Als ich damals 2014 (und bereits schon mal im Jahr 2012) in Bénestroff weilte und mich auf die Suche nach dem „Lost-Place“ begab, war dieser nichts weiter als ein grauer Fleck im Wald. Inzwischen musste ich feststellen, dass er sogar auf Google Maps verzeichent ist und mit Fotos hinterlegt wurde. Das war zu der Zeit noch anders. Ich besaß damals auch noch kein Smartphone oder Tablet und hatte mir vor unserem Urlaub die Lage in etwa gemerkt.
Diese war wie folgt:

(Quelle: Google Maps)

Hier nun der Original-Bericht:

Depot Bénestroff

Mein Interesse an den Eisenbahn in Frankreich ließ mich auf das Depot in Bénestroff (von 1871 - 1918 Bensdorf) aufmerksam werden. Das ursprüngliche Depot wurde nach Ende des 1.WK in Richtung Westen verlegt und als kompletter Neubau zwischen den Strecken nach Chateau-Salins und Dieuze errichtet. Zur Ausführung kam die Einheitsbauart PLM Typ G für den Ringlokschuppen, wie sie vielerorts in Frankreich zu dieser Zeit realisiert wurde.
Im (für mich) sehr interessanten Buch „Les Dépots Vapeur de l´Est“ (La Vie Du Rail-Verlag, 2010, Marcel Chavy und Oliver Constant) steht am Ende der Vorstellung dieses Depots, daß es heute noch existiert, aber es aufgrund des dichten Bewuchses und der Unzugänglichkeit, unmöglich sei Fotos davon zu zeigen.

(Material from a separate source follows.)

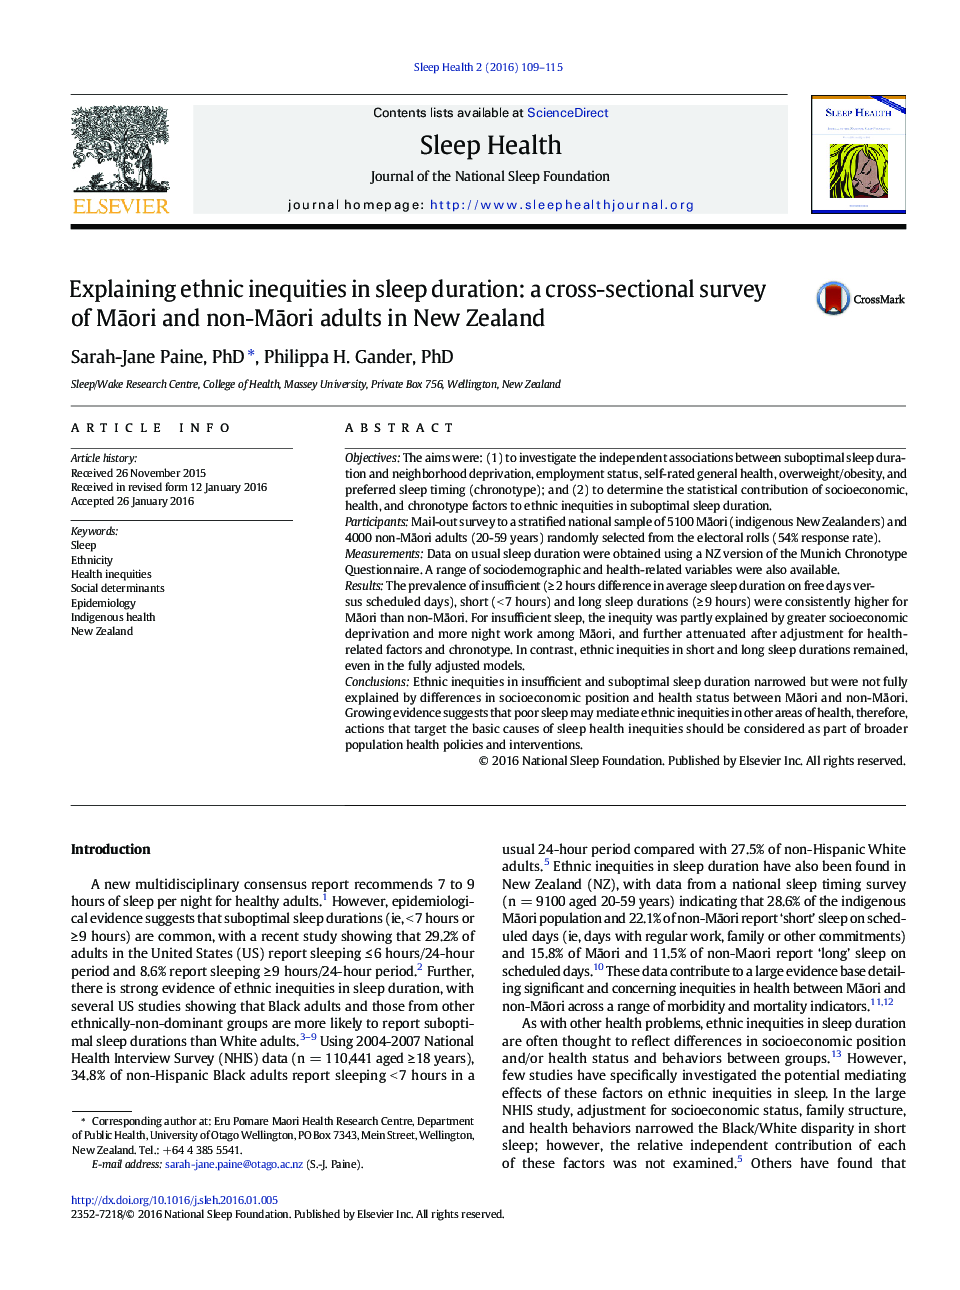 توضیح نابرابری های قومی در طول مدت خواب: یک بررسی مقطعی از بزرگسالان مائوری و غیرمائوری در نیوزیلند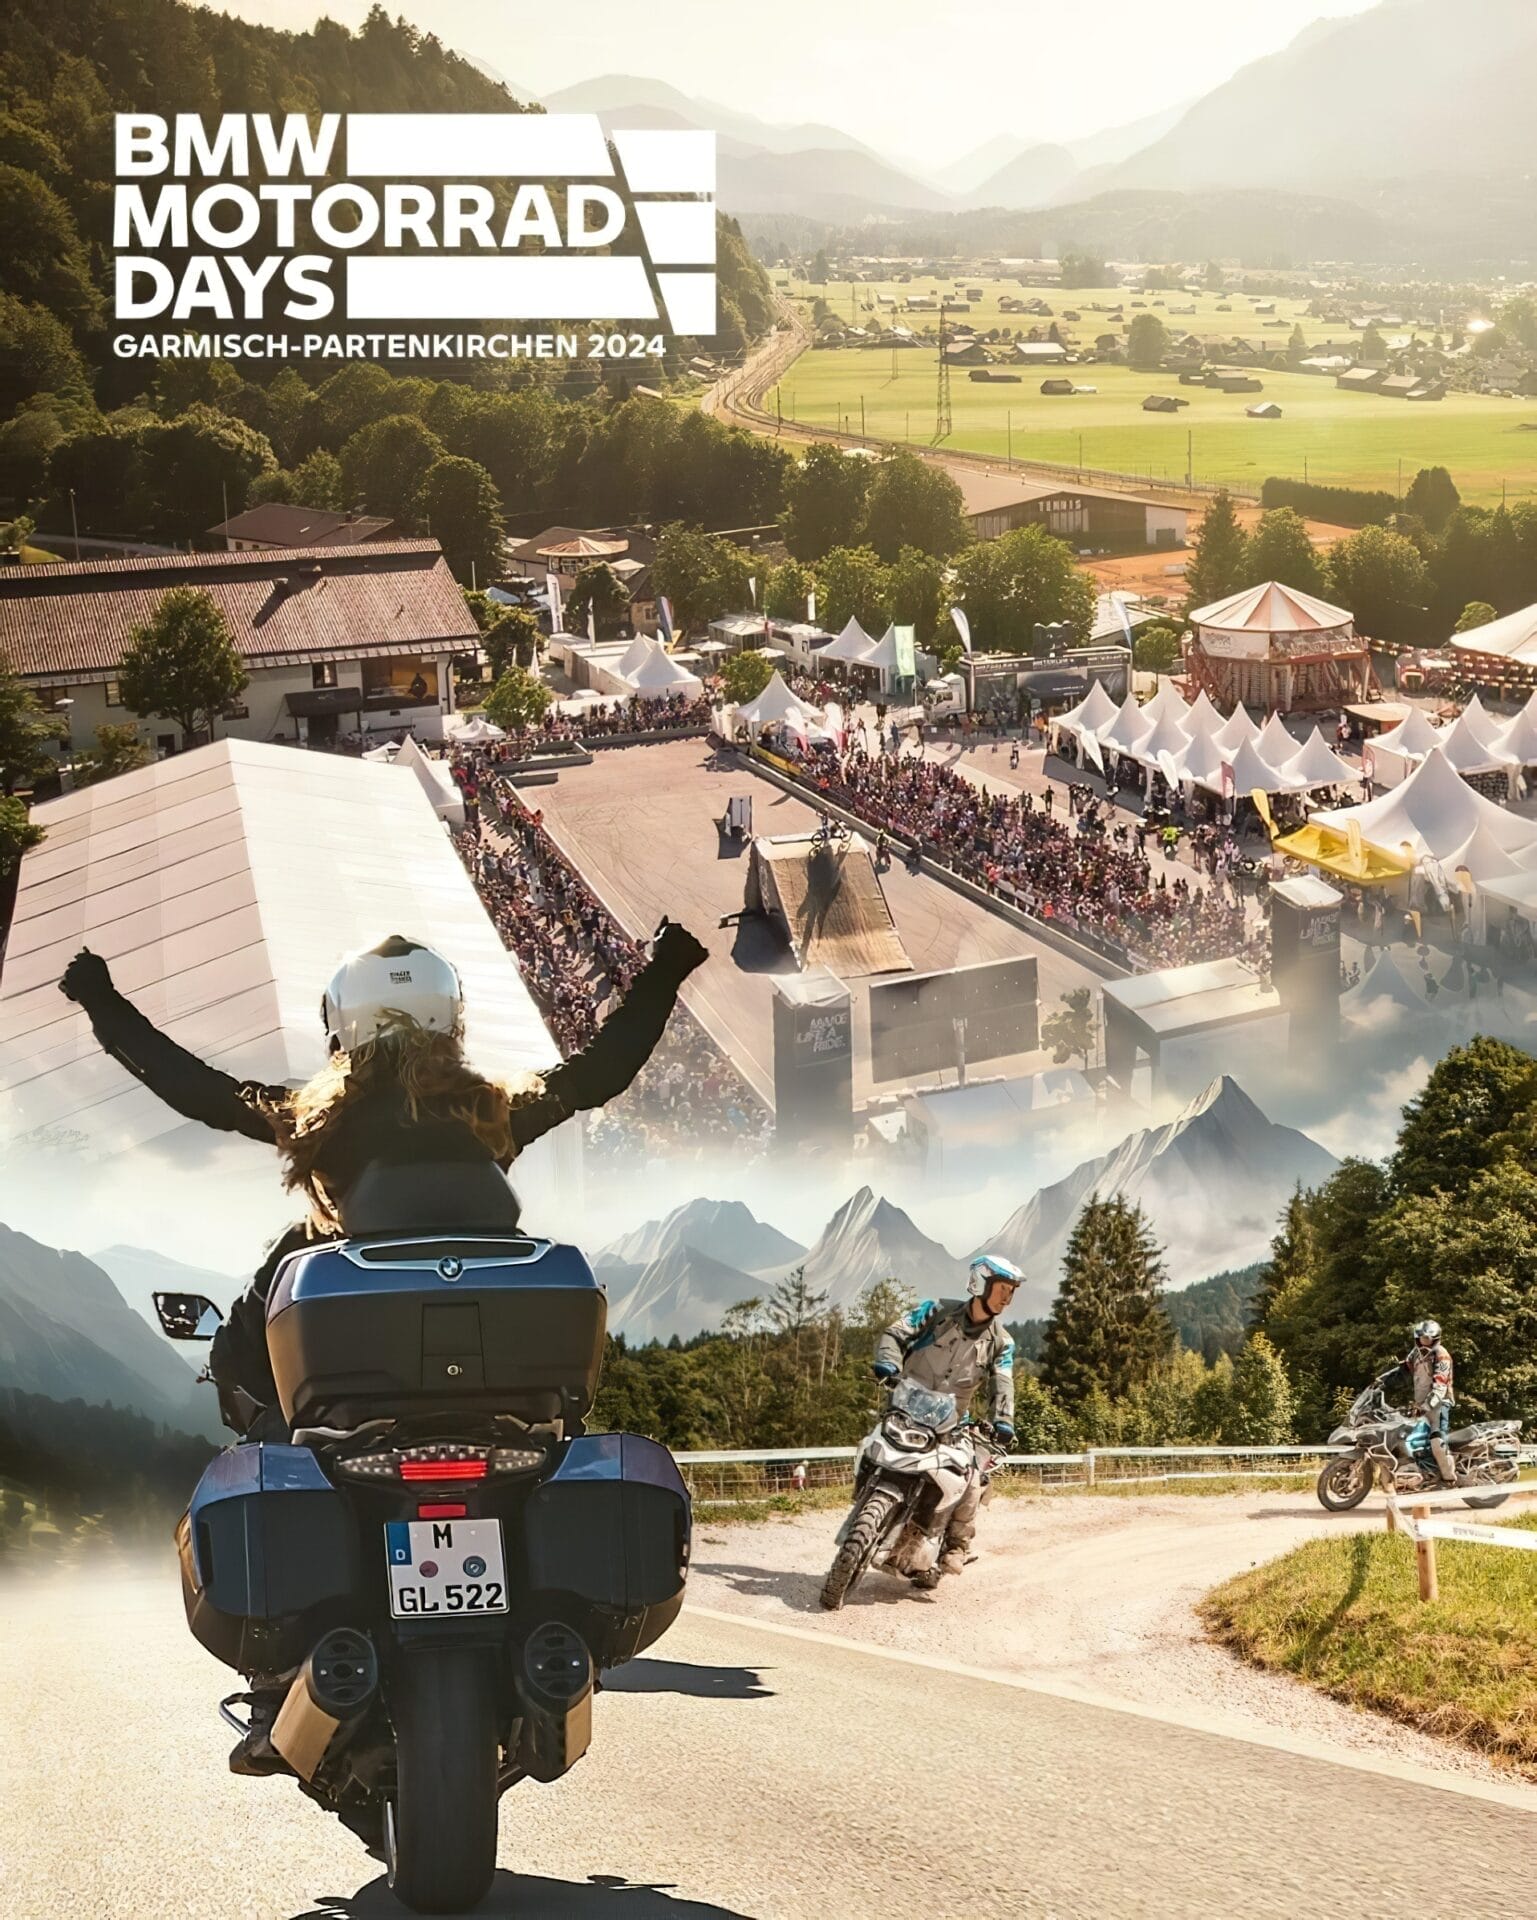 BMW Motorrad Days 2024: Return to Garmisch-Partenkirchen

Dies weckte meine Neugier und bereits vor einigen Jahren (Mai 2012) machte ich mich während eines Urlaubsaufenthaltes auf die Suche. Ich ging auf der ehem. Trasse Richtung Chateau-Salins gen westliche Richtung, doch dichter Bewuchs bei den Gleisen und aufkommender Regen ließen mich von meinem Vorhaben damals abbringen.
Wie ich auf der Maps-Seite im Nachhinein erkennen konnte war ich auch zu zentral gelaufen, ich hätte mich eher links Richtung Süd-Westen halten müssen und vielleicht wäre eine Annäherung von südlicher Seite durch den Wald die bessere Lösung gewesen.

Jetzt (2014), wieder Urlaub und zwei Jahre später nach dem ersten Versuch, versuchte ich es noch einmal. Ich meinte mich besser vorbereitet zu wissen und starte von der Waldseite aus südlicher Richtung. Hier befindet sich derzeit eine Zufahrt zur TGV-Baustelle (inzwischen abgeschlossen) und ich konnte den Weg schon mal ein bisschen verkürzen. Ich lief schließlich von dieser Zufahrt in einen Waldweg, querte die Strecke nach Dieuze/Avricourt und stieß wieder auf die noch umfangreichen Gleisanlagen Richtung Chateau-Salins. Ich hielt mich möglichst weit links und der Weg auf der ehem. Trasse wurde immer dichter und und unzugänglicher, ehe er nur noch als Pfad zu bezeichnen ist. Ich hielt immer Ausschau, aber der dichte Bewuchs, der zudem noch in voller Blüte Stand, machte keine Aussichten möglich.

Ich muß wohl schon eine Meter parallel zum ehem. Depot gelaufen sein, ehe es sich wie ein verwunschenes Märchenschloss neben mir auftat:



Bild 1 – Blick von der Trasse



Bild 2 – Auch der zweite Blick bestätigt, daß hier seit Jahrzehnten die Natur regiert



Bild 3 – Ich querte einmal den Lokschuppen und stehe auf der anderen Seite (etwa Anfang Drehscheibe – ein Weiterkommen war aufgrund des Bewuchses nicht möglich)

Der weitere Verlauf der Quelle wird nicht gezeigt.